Reproducing Porter et al. (2023)

Overview

This guide reproduces the mink host-jump analysis using fixed local clock (FLC) models, where branch groups are defined a priori and tested for episodic rate shifts.

Reference

  • Porter et al. (2023)

Inputs

  • Alignment: tests/data/Porter2023.afa
  • Starting tree: tests/data/Porter2023.newick
  • Foreground groups: mink_Netherlands, mink_Denmark

Analysis setup

We considered six FLC model configurations (following Tay et al. 2022):

  • FLC (stem): elevated rate only on the stem branches leading into mink clades.
  • FLC (clade): elevated rate only within mink clades.
  • FLC (clade and stem): elevated rates on both stem branches and within mink clades.
  • FLC (shared, stem): one shared stem-rate parameter across all mink clades.
  • FLC (shared, clade): one shared clade-rate parameter across all mink clades.
  • FLC (shared, clade and stem): shared rate parameters for stem and clade components across all mink clades.

The biological motivation is that adaptation to a new host may cause a short, episodic rate increase on stem branches (the transition period), with possible extension into the clade depending on the scenario. Across all models, the tree topology is fixed and the root age is constrained using prior knowledge that the SARS-CoV-2 tMRCA is in the second half of 2019 (Duchene et al. 2020; Ghafari et al. 2022). We used a gamma distribution with shape = 1 and scale = 0.001 such that the 95 per cent percentile range was 2.5 × 10–5 to 3.7 × 10–3.

Template customization

Here we add a uniform prior on the root age to the default template, which is necessary to constrain the root age in this analysis. The template can be generated using episodic template and modified using sed or a text editor.

episodic template \
  | sed 's#</prior>#<uniformPrior lower="2019.5" upper="2020"><parameter idref="age(root)"/></uniformPrior>\
</prior>#' \
  > template_porter2023.xml

Configure and Execute workflow

This run command executes the same dataset under six FLC parameterizations so their posterior rate estimates and model fit can be compared directly. The same alignment, fixed starting tree, and foreground groups are used across all model variants to isolate the effect of clock structure.

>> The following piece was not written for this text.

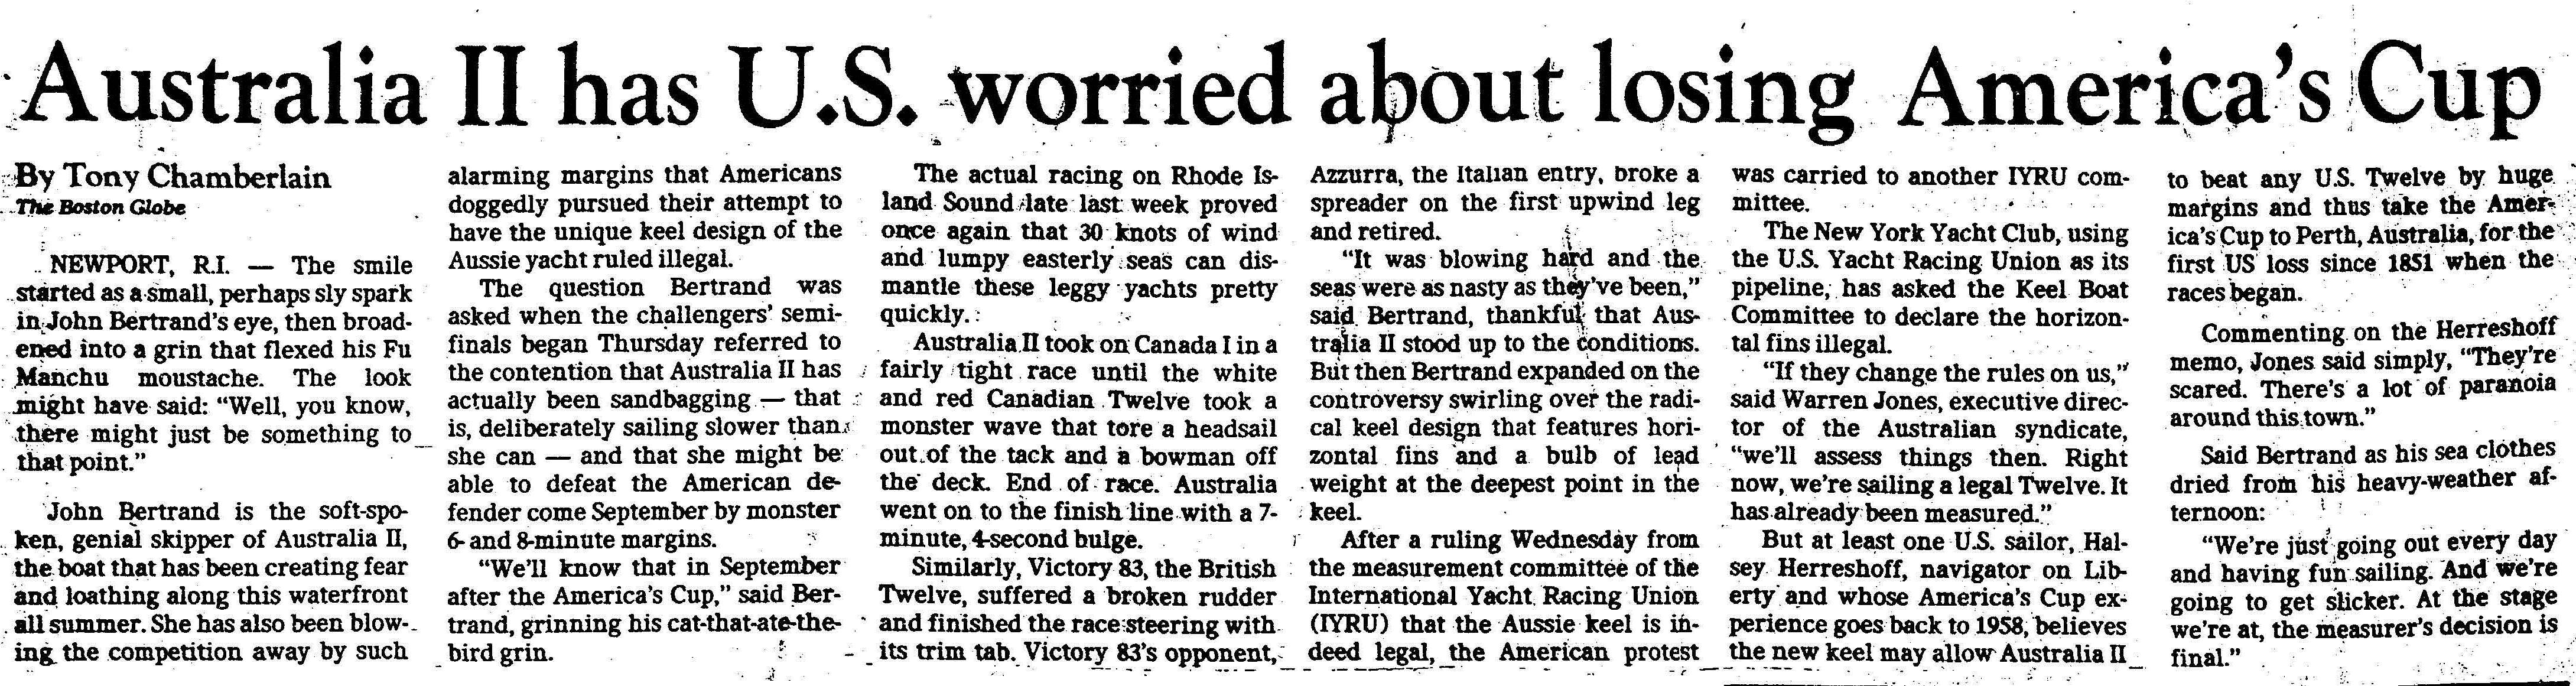 Dallas Morning News, 1983-08-14
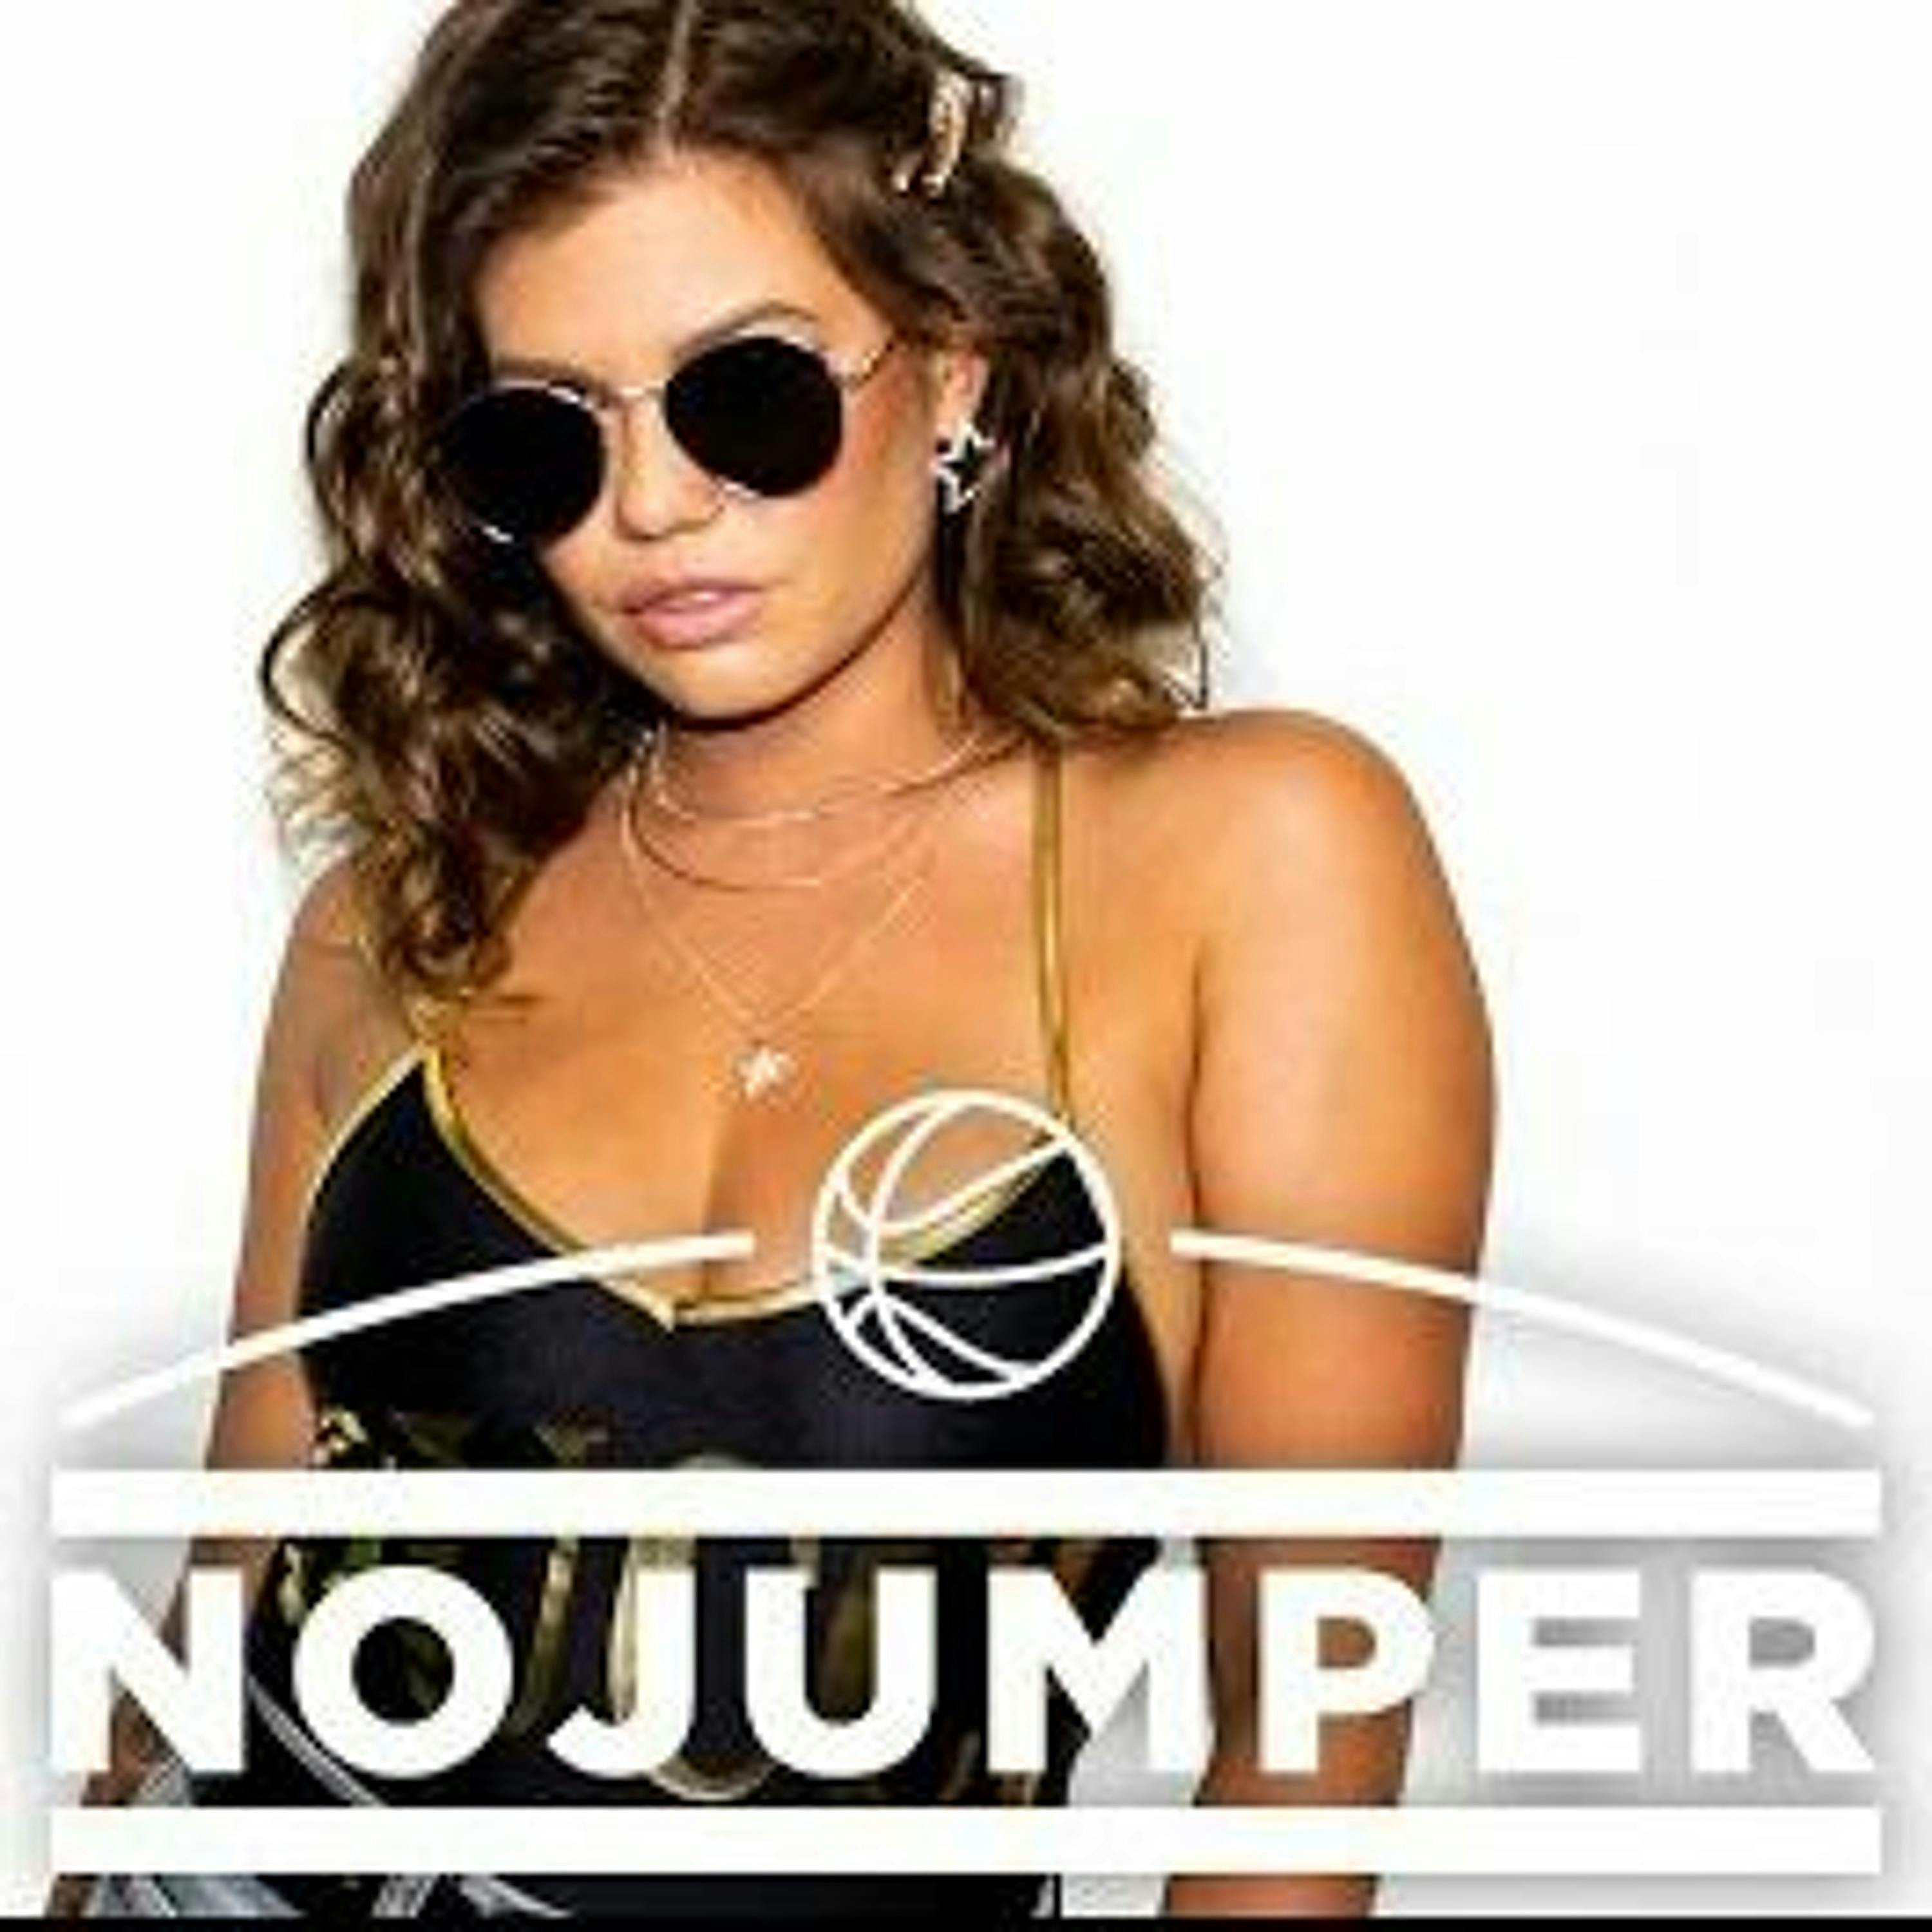 Chanel West Coast Gets Drilled - Chanel West Coast on Club Freak Out Video, Nicki Minaj drama, Charlamagne â€“  No Jumper â€“ Podcast â€“ Podtail

Key settings in this command are:

  • --beast-template template_porter2023.xml: applies the customized root-age prior.
  • -a and --newick: provide the sequence alignment and fixed topology.
  • -s 10000 and -cl 10000000: collects 10,000 samples from a 10,000,000-step chain.
  • --clock ... (repeated): runs all six FLC model variants in one workflow.
  • -shape 1 -scale 0.001: sets the gamma prior used for clock-rate parameters.
  • -g mink_Netherlands -g mink_Denmark: defines mink foreground clades for local-clock assignment.
episodic run \
  --beast-template template_porter2023.xml \
  -a tests/data/Porter2023.afa \
  --newick tests/data/Porter2023.newick \
  -s 10000 \
  -cl 10000000 \
  -o Porter2023 \
  --clock flc-stem \
  --clock flc-clade \
  --clock flc-stem-and-clade \
  --clock flc-shared-stem \
  --clock flc-shared-clade \
  --clock flc-shared-stem-and-clade \
  -shape 1 -scale 0.001 \
  -g mink_Netherlands \
  -g mink_Denmark

Key outputs

In the clocks_1.0_0.001-violin-trimmed.png plot, the FLC stem models show a clear rate increase on the stem branches leading into mink clades, while the clade models show no increase within the mink clades. This suggests that the rate shift is concentrated on the transition branches rather than being sustained within the mink lineages, consistent with an episodic burst of adaptation during host-jump. The Netherlands mink clade shows a stronger rate increase than the Denmark clade, which is averaged out in the shared-parameter models.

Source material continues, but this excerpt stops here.